:: RAW DATA

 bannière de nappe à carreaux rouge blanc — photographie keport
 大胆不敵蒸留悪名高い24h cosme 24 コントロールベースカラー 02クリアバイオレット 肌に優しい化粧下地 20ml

::::
:: RAW DATA

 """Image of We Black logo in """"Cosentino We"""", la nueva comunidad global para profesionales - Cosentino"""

::::

Taking the lines above, repeat exactly those from the line that contains "bannière de nappe" through the line that contains "大胆不敵蒸留悪名高い24h cosme 24", and both of those lines as well. Include nothing else.

 bannière de nappe à carreaux rouge blanc — photographie keport
 大胆不敵蒸留悪名高い24h cosme 24 コントロールベースカラー 02クリアバイオレット 肌に優しい化粧下地 20ml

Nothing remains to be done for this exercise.